Als Kommunikationsberater will ich wissen, wie sich Medien verändern. Aus der am 18. März publizierten Studie «The State of the News Media 2013» ziehe ich drei Schlüsse über das Verhalten von Lesern, Werbern und Medien. Die weiteren Details liefert die vorbildliche Website zur Untersuchung.

Wo die Leser hingehen: News digital

Die starke Verbreitung von Tablets und Smartphones führt Leserinnen und Leser hin zu einem verstärkten Newskonsum. Seit 2006 steigt der Online-Konsum von Nachrichten – als einziger «Hoffnungsträger» im Vergleich zum Sinkflug von Fernsehen, Radio und Zeitungen.

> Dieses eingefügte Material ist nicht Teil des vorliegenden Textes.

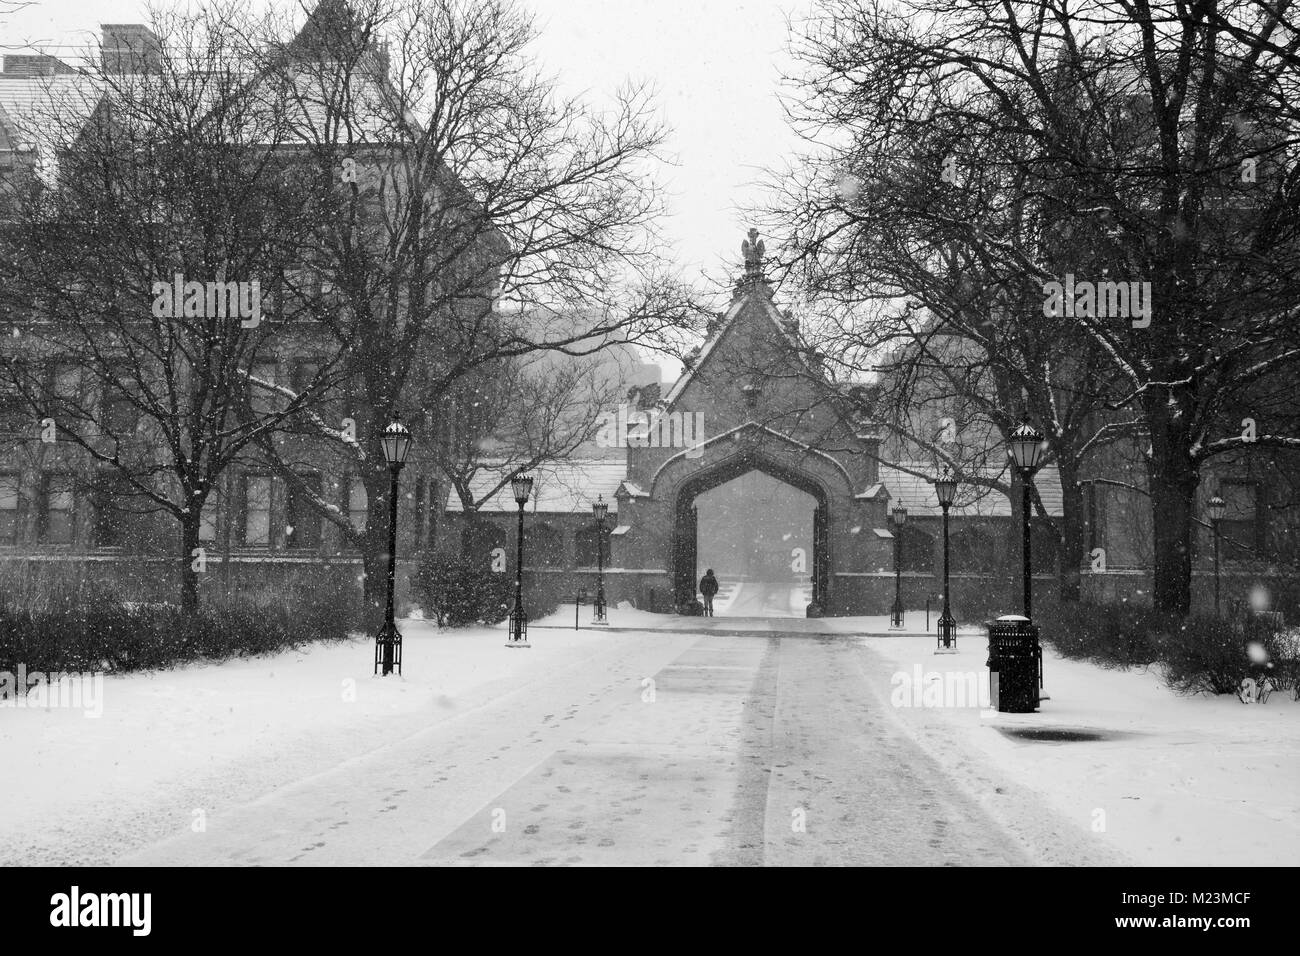 L'iconico Gate Cobb presso l'Università di Chicago conduce in uno dei campus Quads ed è una delle strutture originali presso la scuola. Foto Stock

Entwicklung des Newskonsums seit 1991: TV, Radio, Zeitungen im Sinkflug, Online steigt an

Mit Tablets werden mehr News gelesen, neue Quellen entdeckt, News ergänzt

Als eigentiche Nachrichten-Verführer entpuppen sich Tablets: Knapp ein Drittel der US-Amerikaner konsumieren mehr News, seit sie die Schlagzeilen mit ihrem Zeigefinger antippen können. Ebenso viele haben seit dem Kauf dieses Geräts neue Newsquellen angezapft, 43 Prozent tragen via Tablet selbst zu News bei.Umschlag klappt.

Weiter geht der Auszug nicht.